ABOUT THIS EXERCISE: Once the images are removed, set down everything else in the listing below exactly.

INFORMATION SUPPLIED:
>>>>

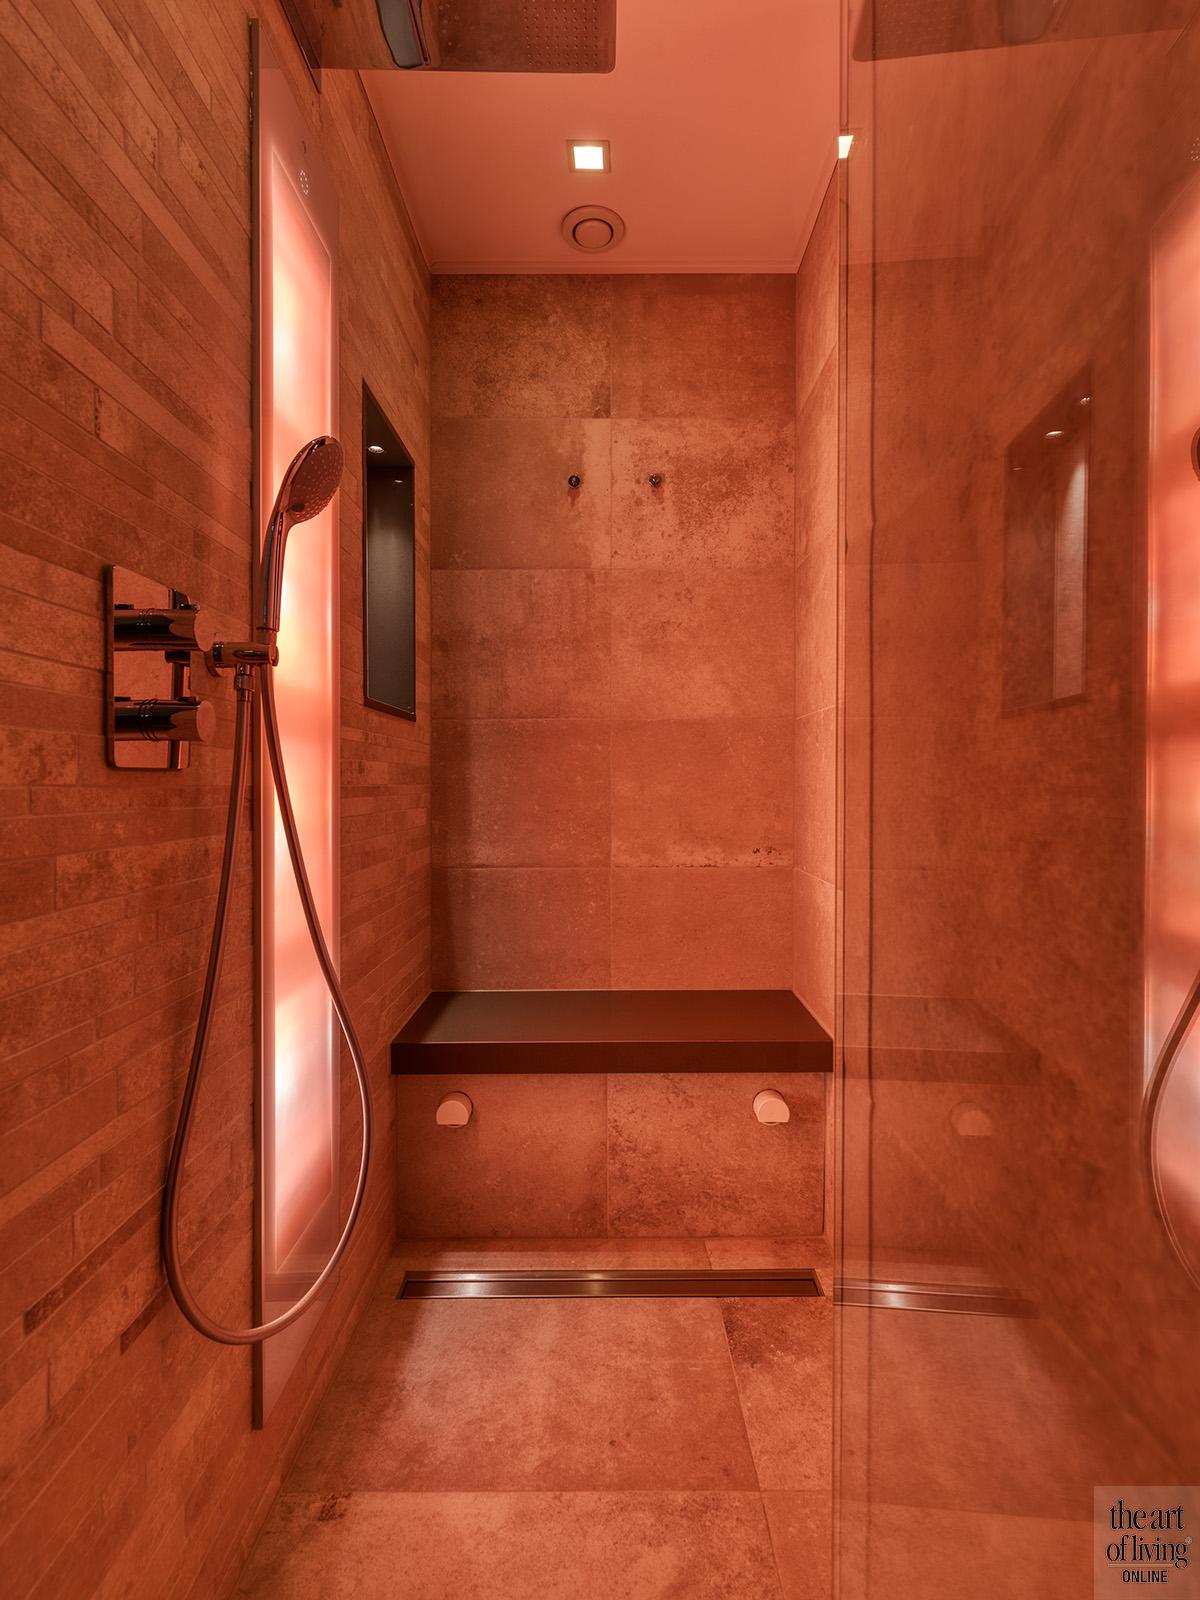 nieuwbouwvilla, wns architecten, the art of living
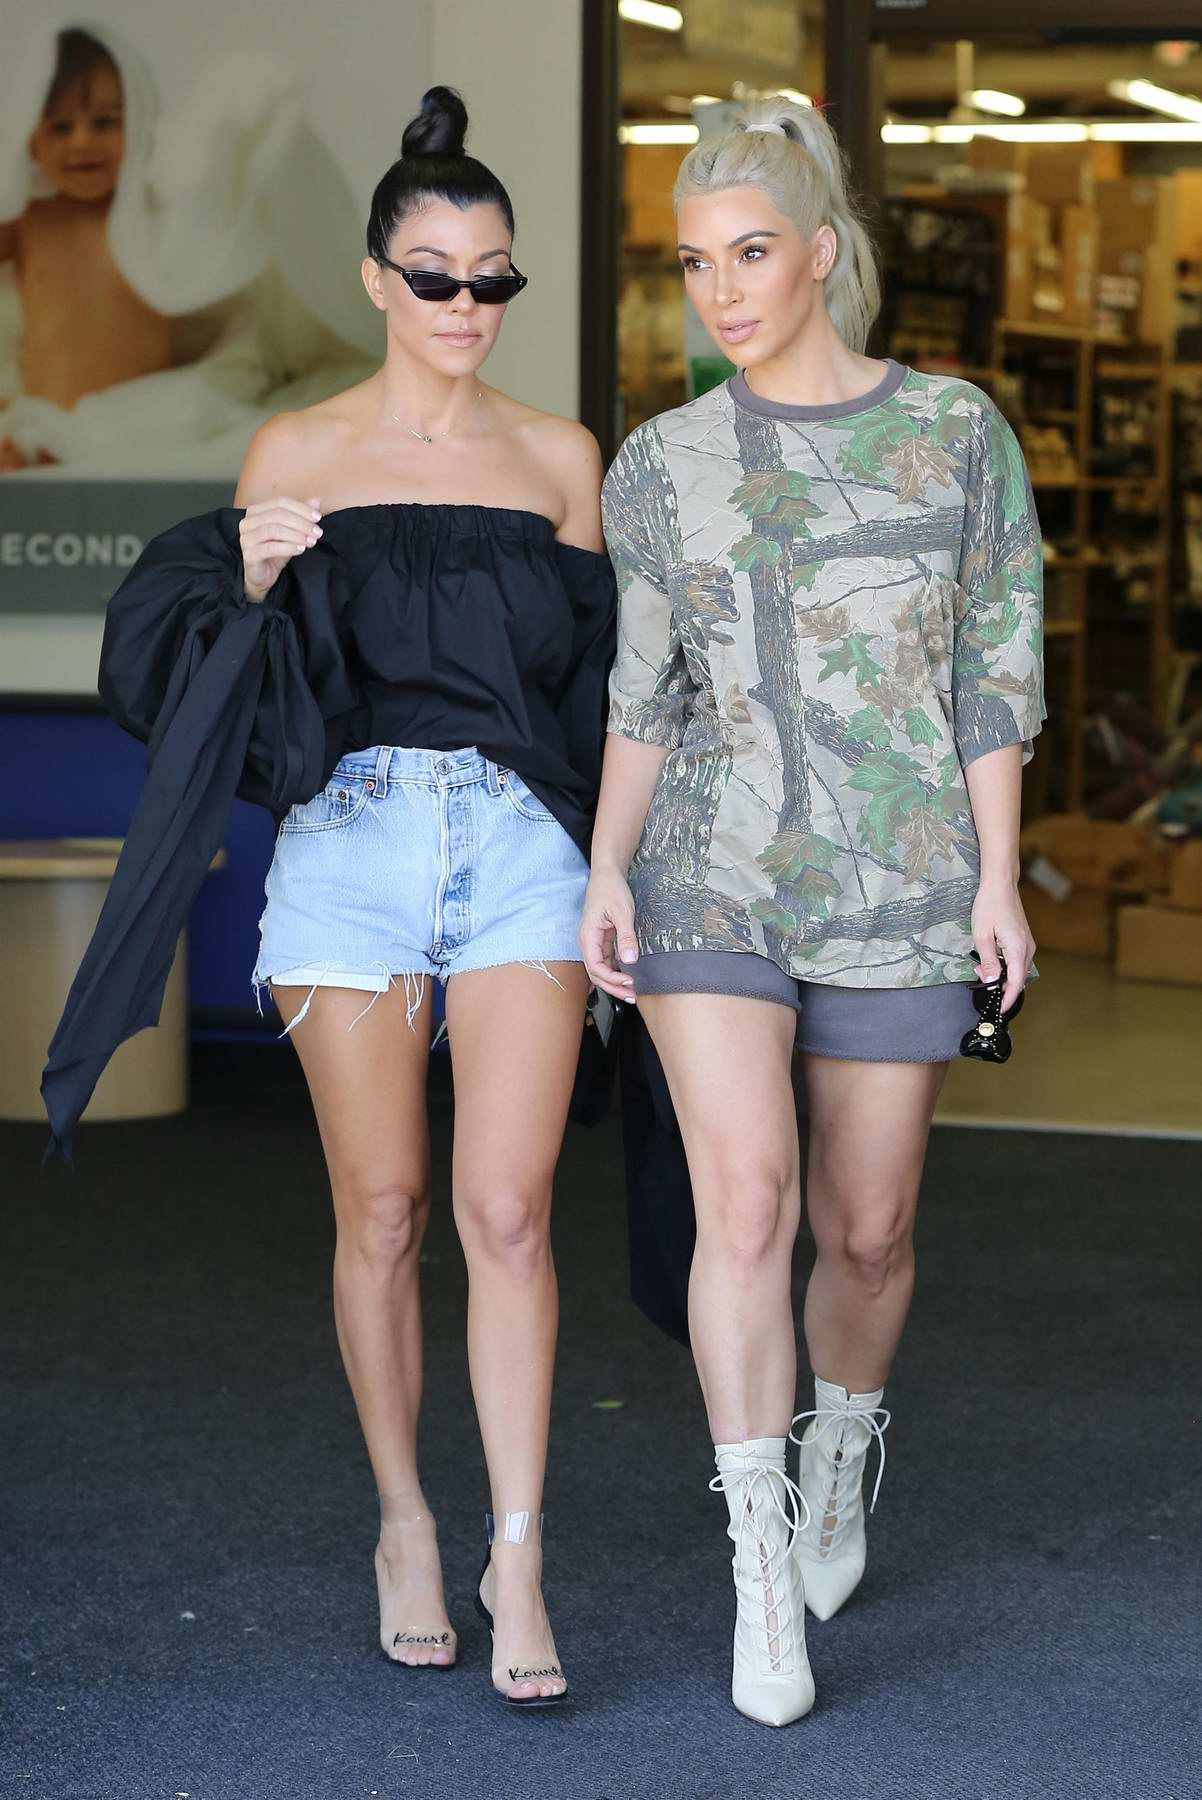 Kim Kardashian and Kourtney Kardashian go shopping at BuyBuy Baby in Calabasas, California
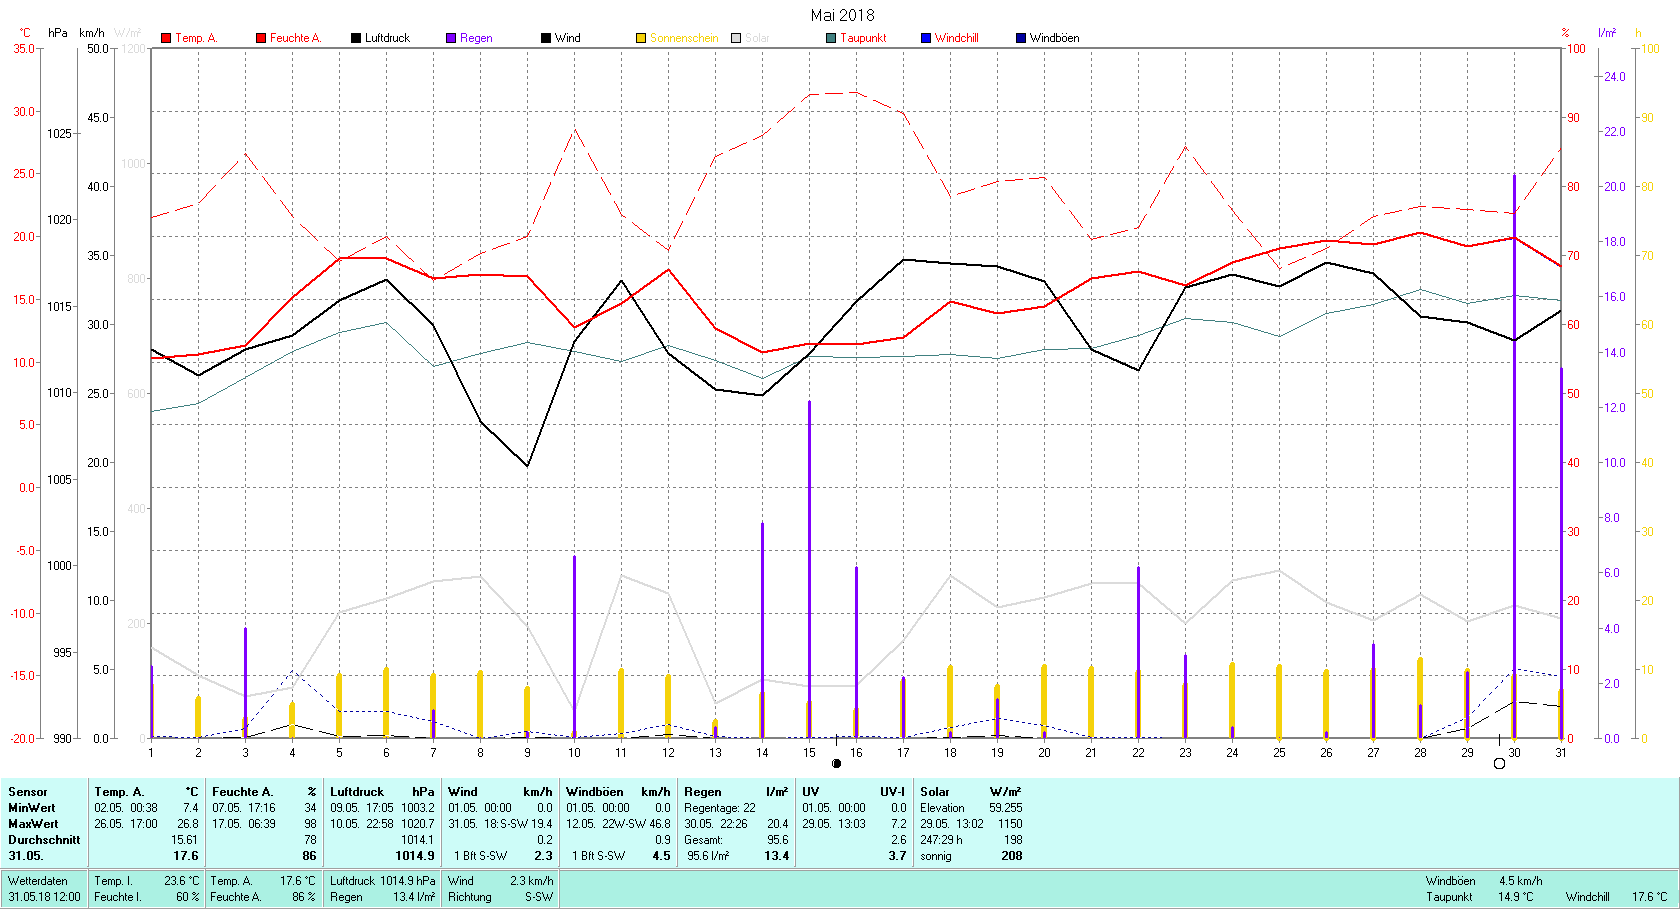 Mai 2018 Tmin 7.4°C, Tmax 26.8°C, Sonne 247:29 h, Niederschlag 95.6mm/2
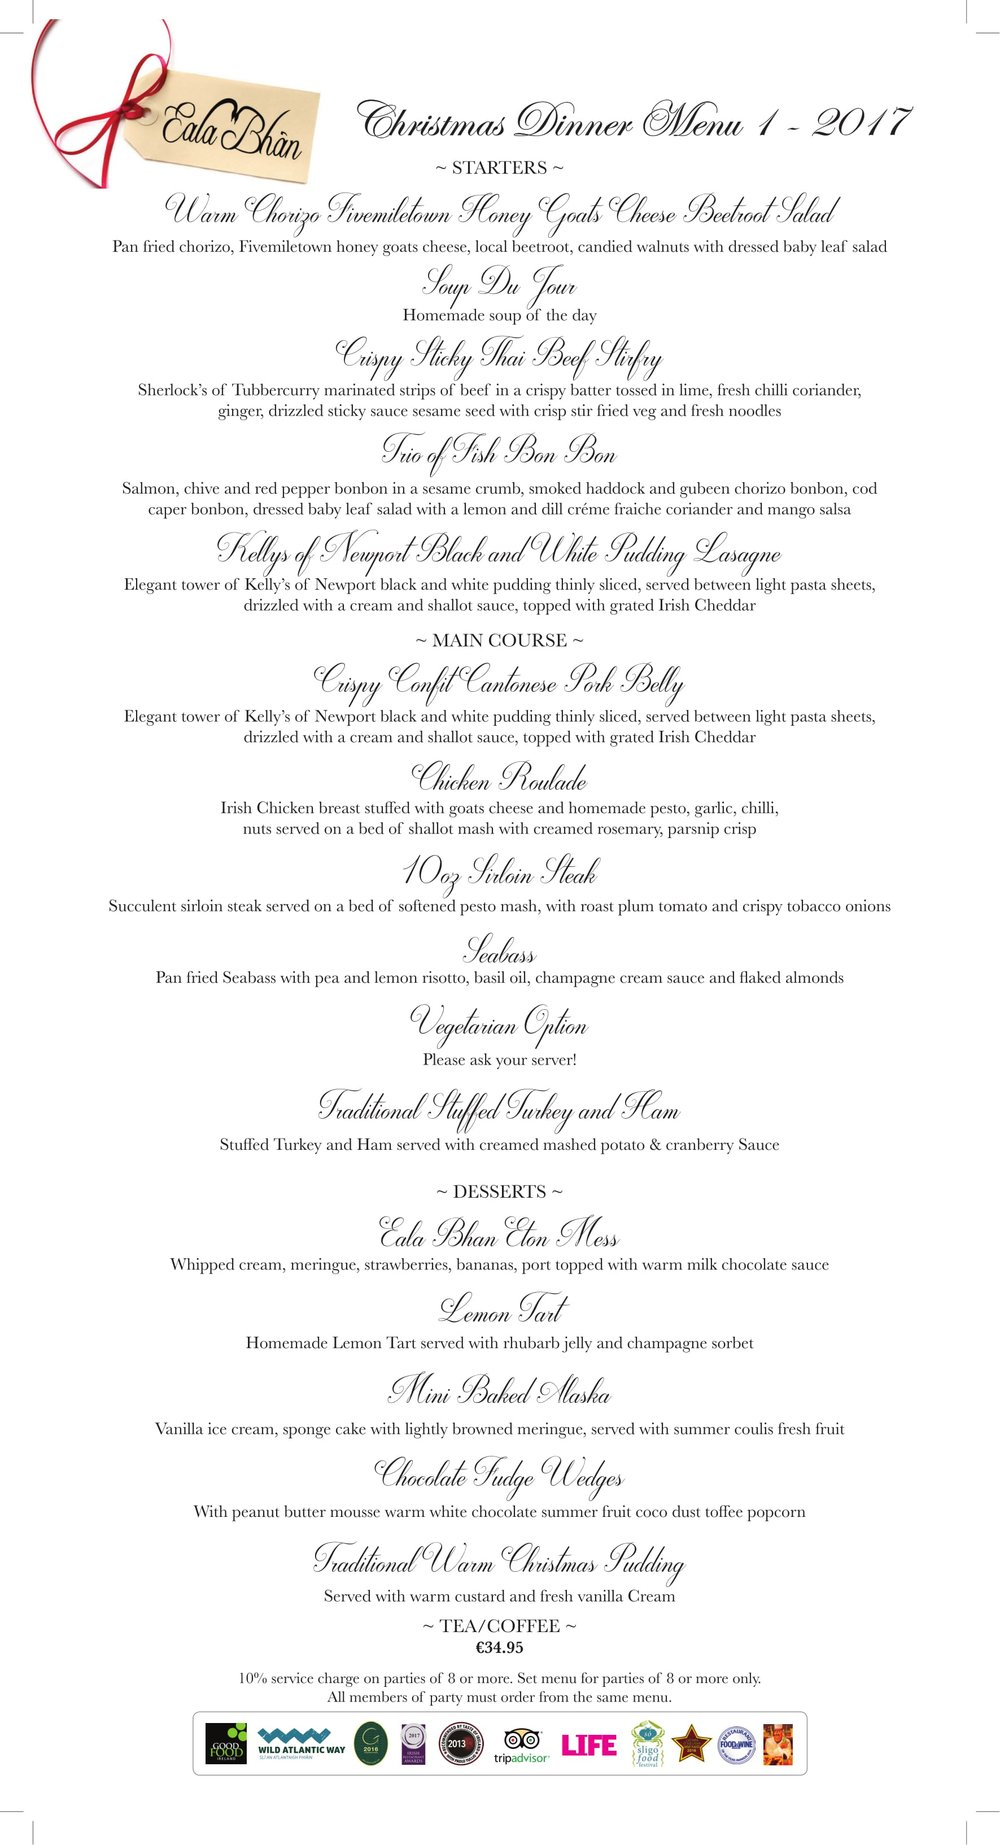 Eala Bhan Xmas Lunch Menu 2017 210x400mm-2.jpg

<<<<

OUTPUT OF THE TASK:
 nieuwbouwvilla, wns architecten, the art of living
 Kim Kardashian and Kourtney Kardashian go shopping at BuyBuy Baby in Calabasas, California
 Mai 2018 Tmin 7.4°C, Tmax 26.8°C, Sonne 247:29 h, Niederschlag 95.6mm/2
 Eala Bhan Xmas Lunch Menu 2017 210x400mm-2.jpg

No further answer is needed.